### What the task asks
The material below should be copied line for line, please, with pictures omitted.

### Dataset extract

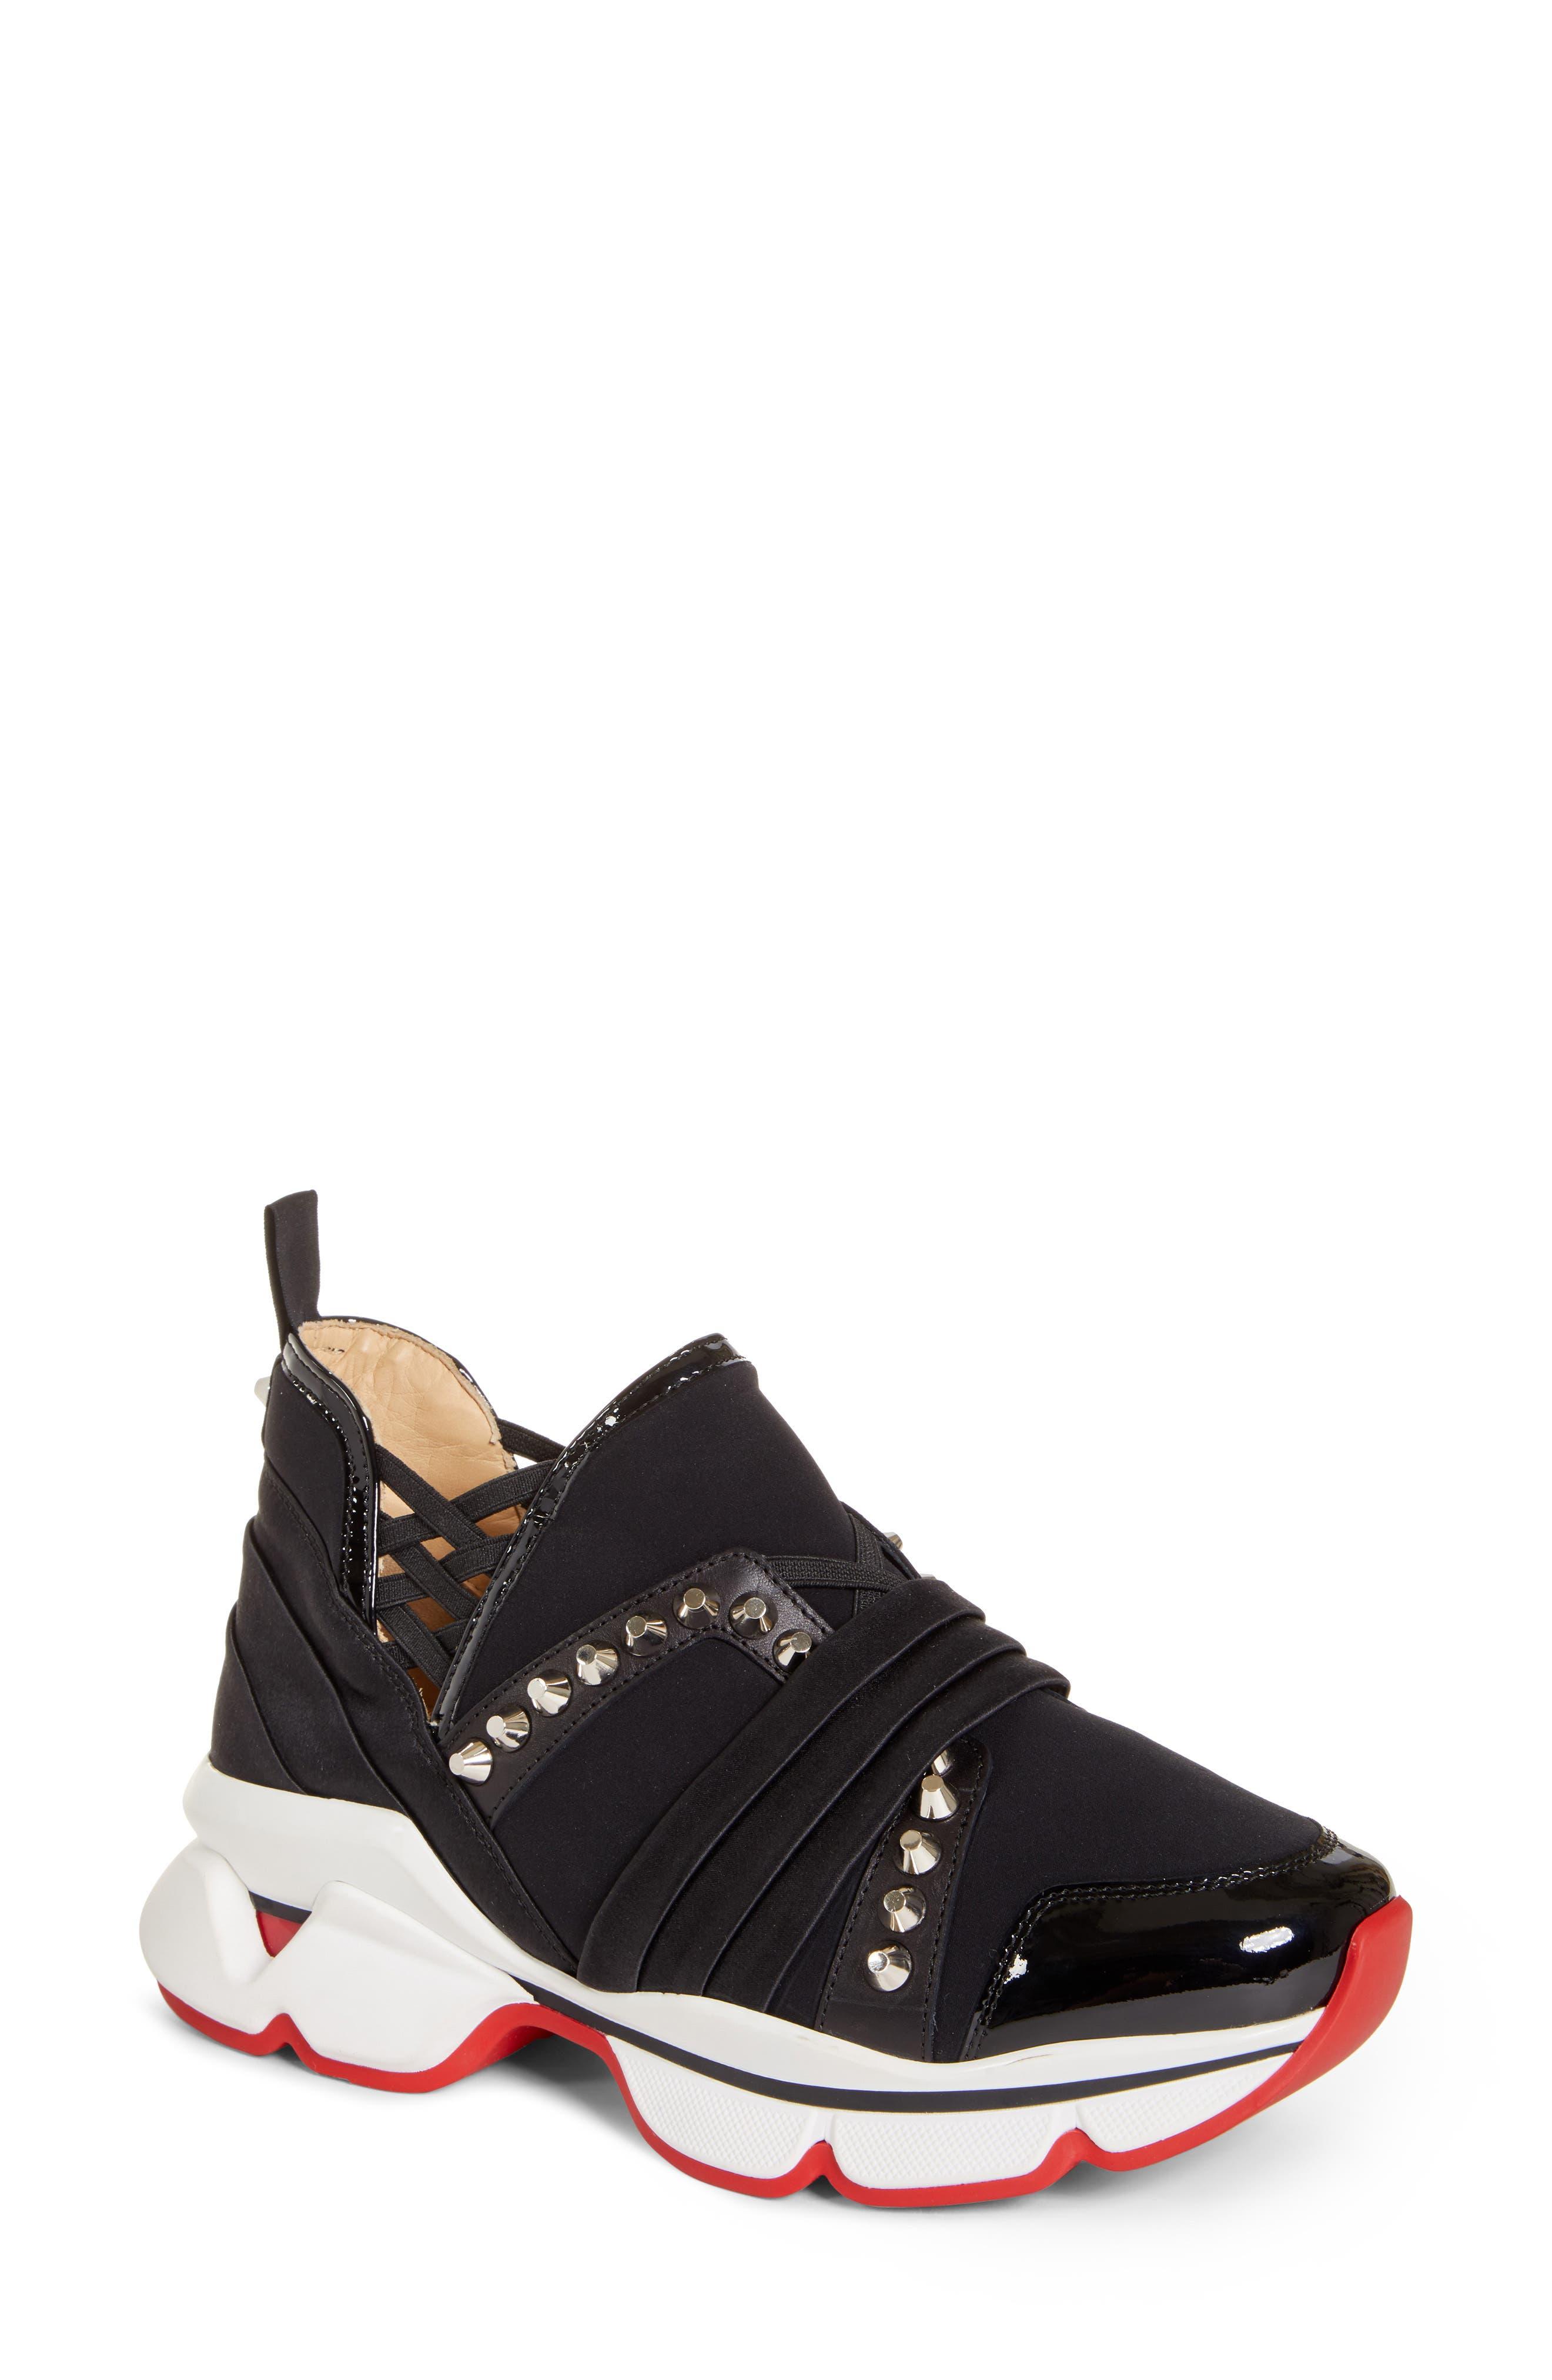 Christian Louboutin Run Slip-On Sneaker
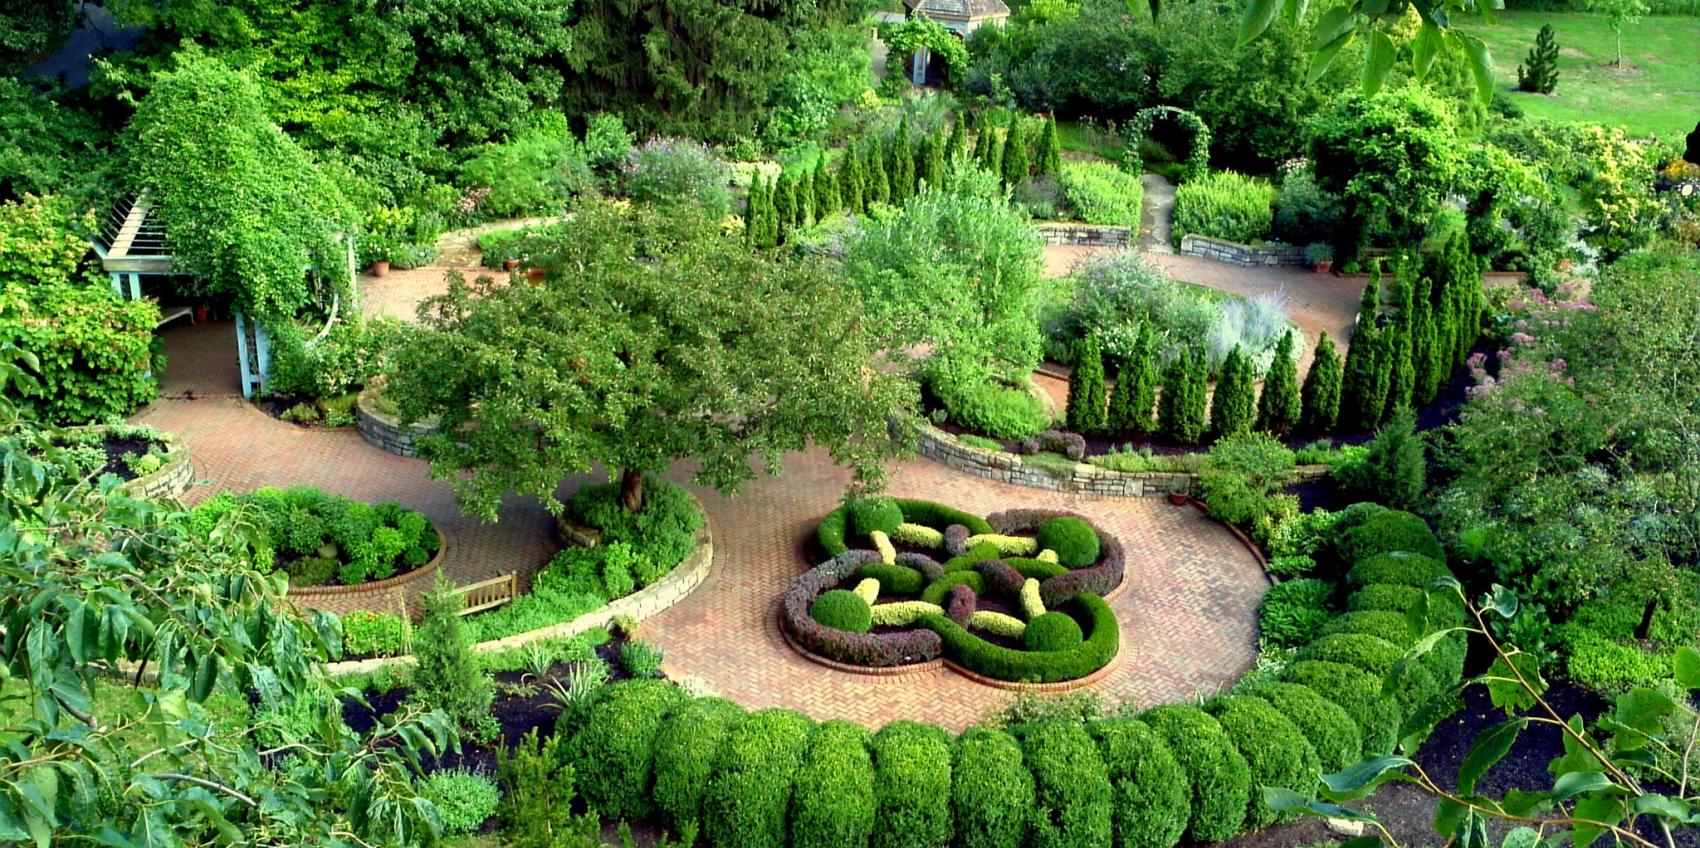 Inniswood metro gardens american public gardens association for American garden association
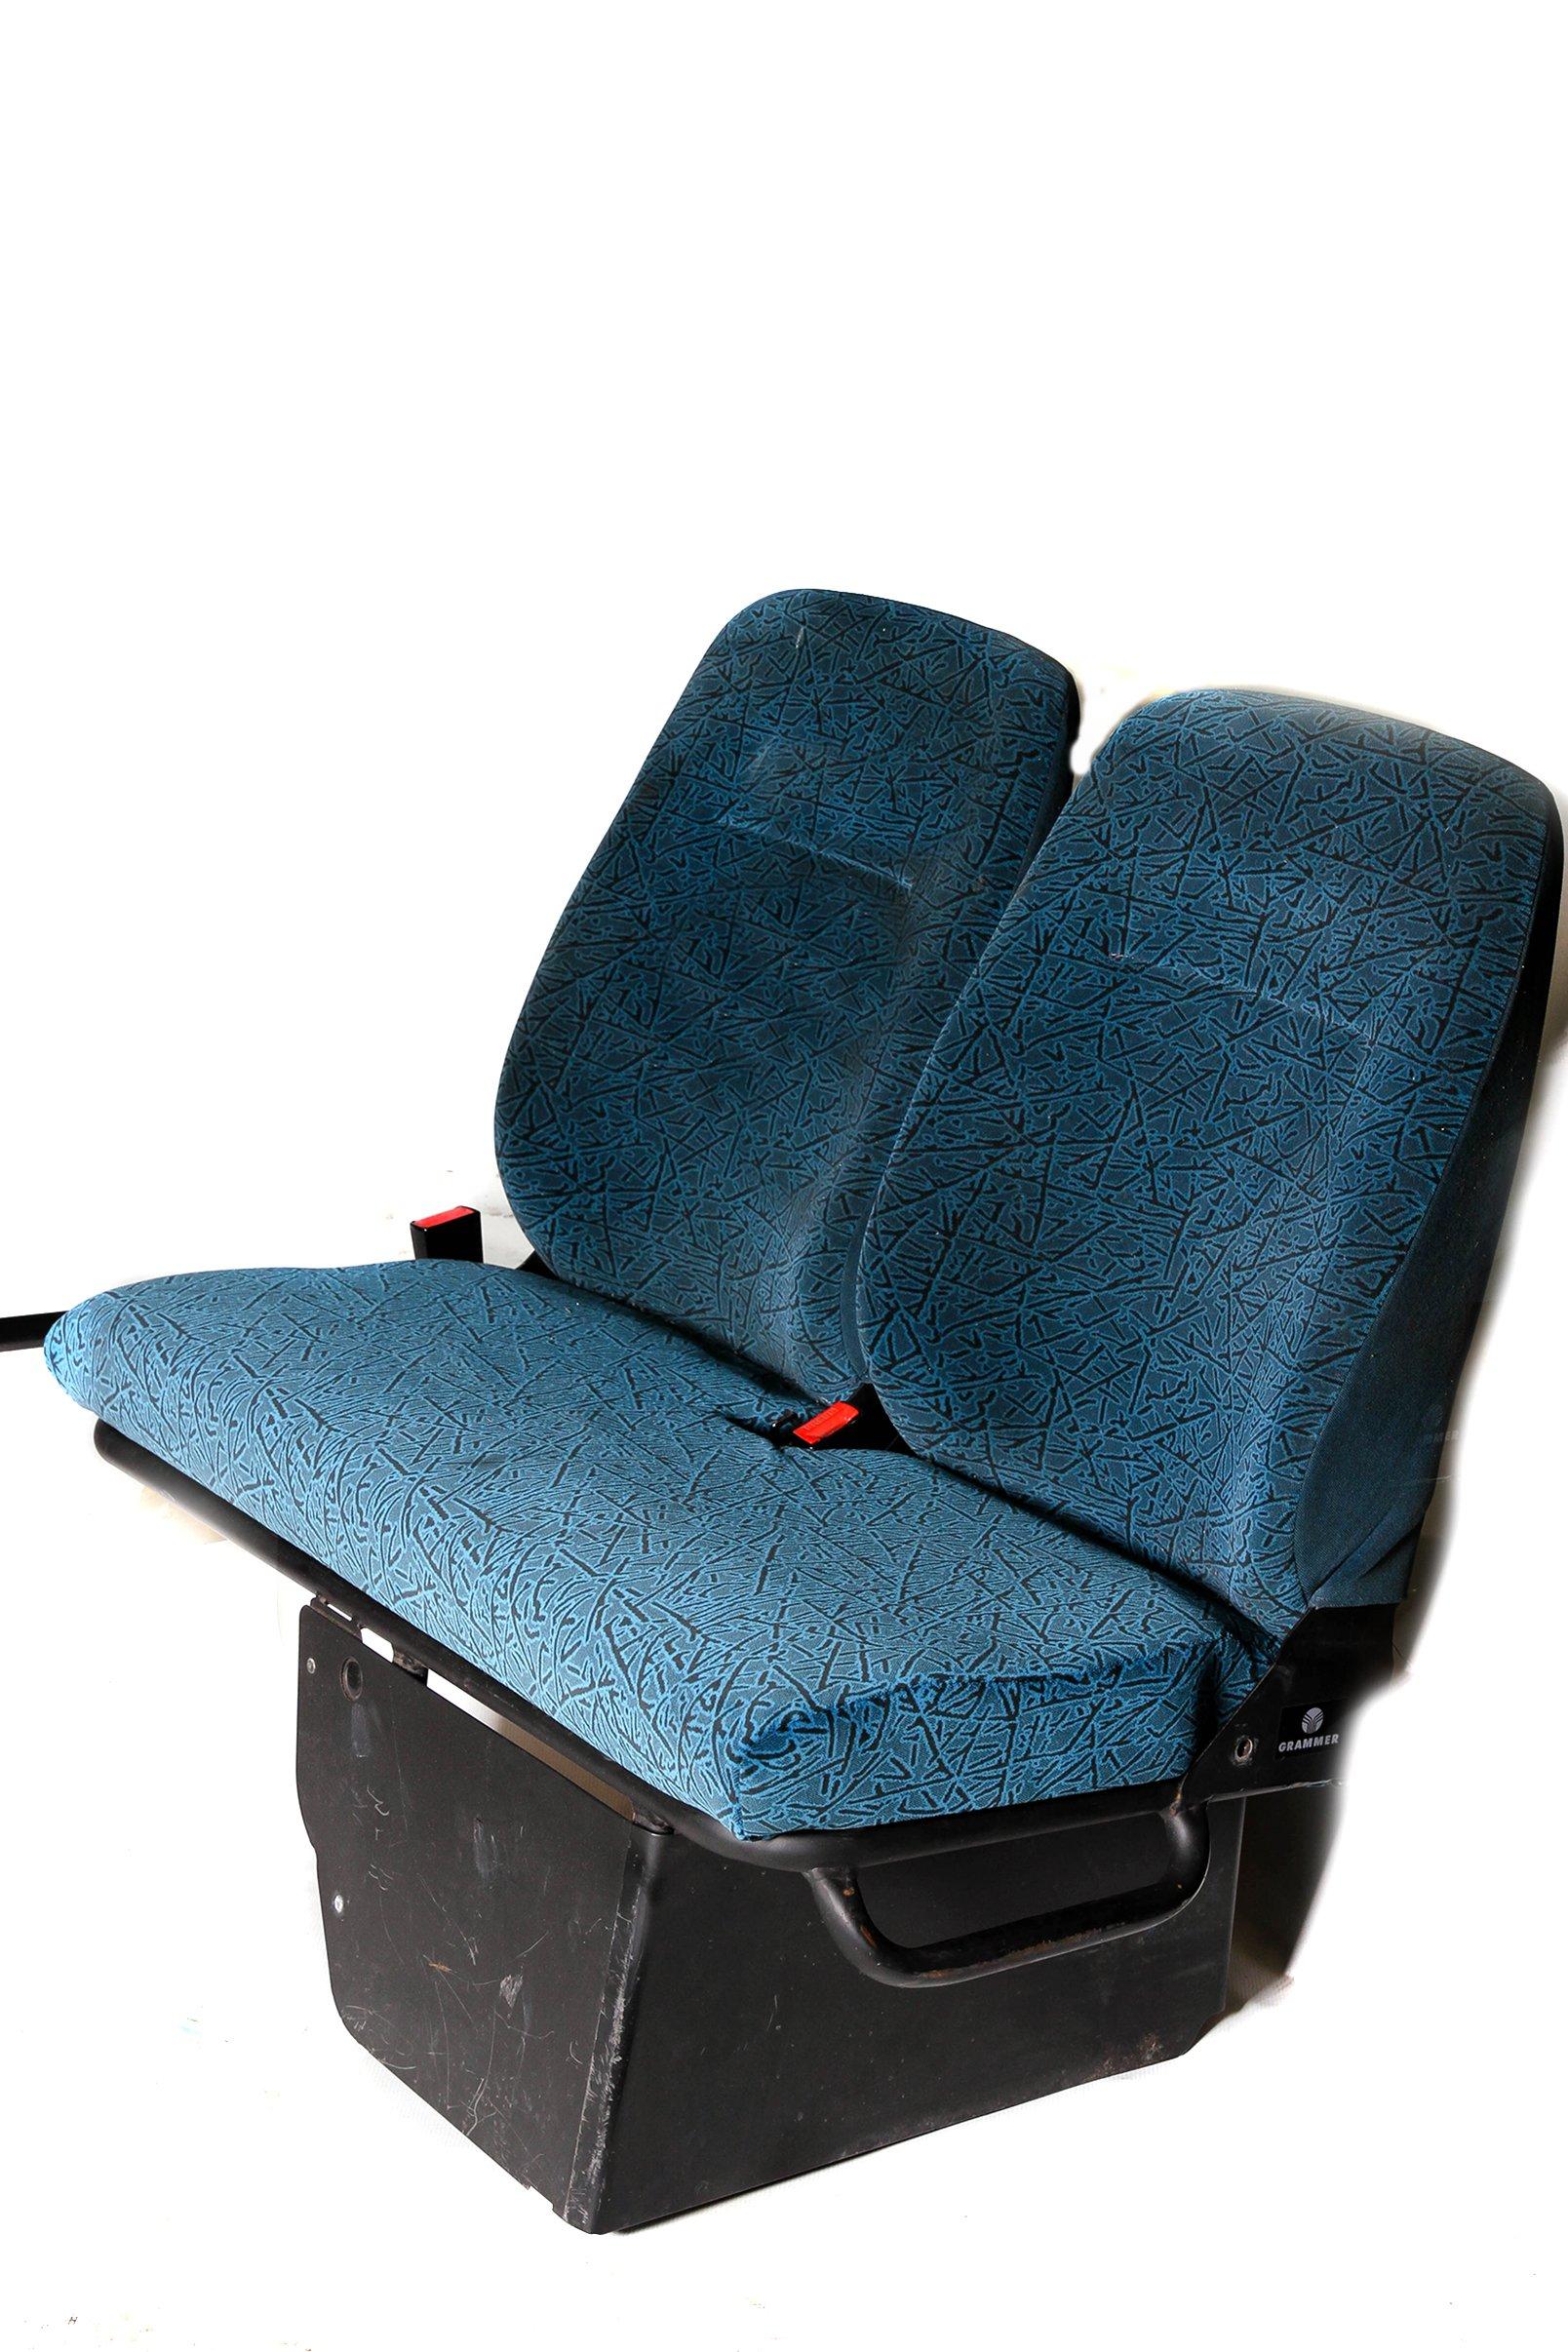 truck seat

### Finished task
 Christian Louboutin Run Slip-On Sneaker
 Inniswood metro gardens american public gardens association for American garden association
 truck seat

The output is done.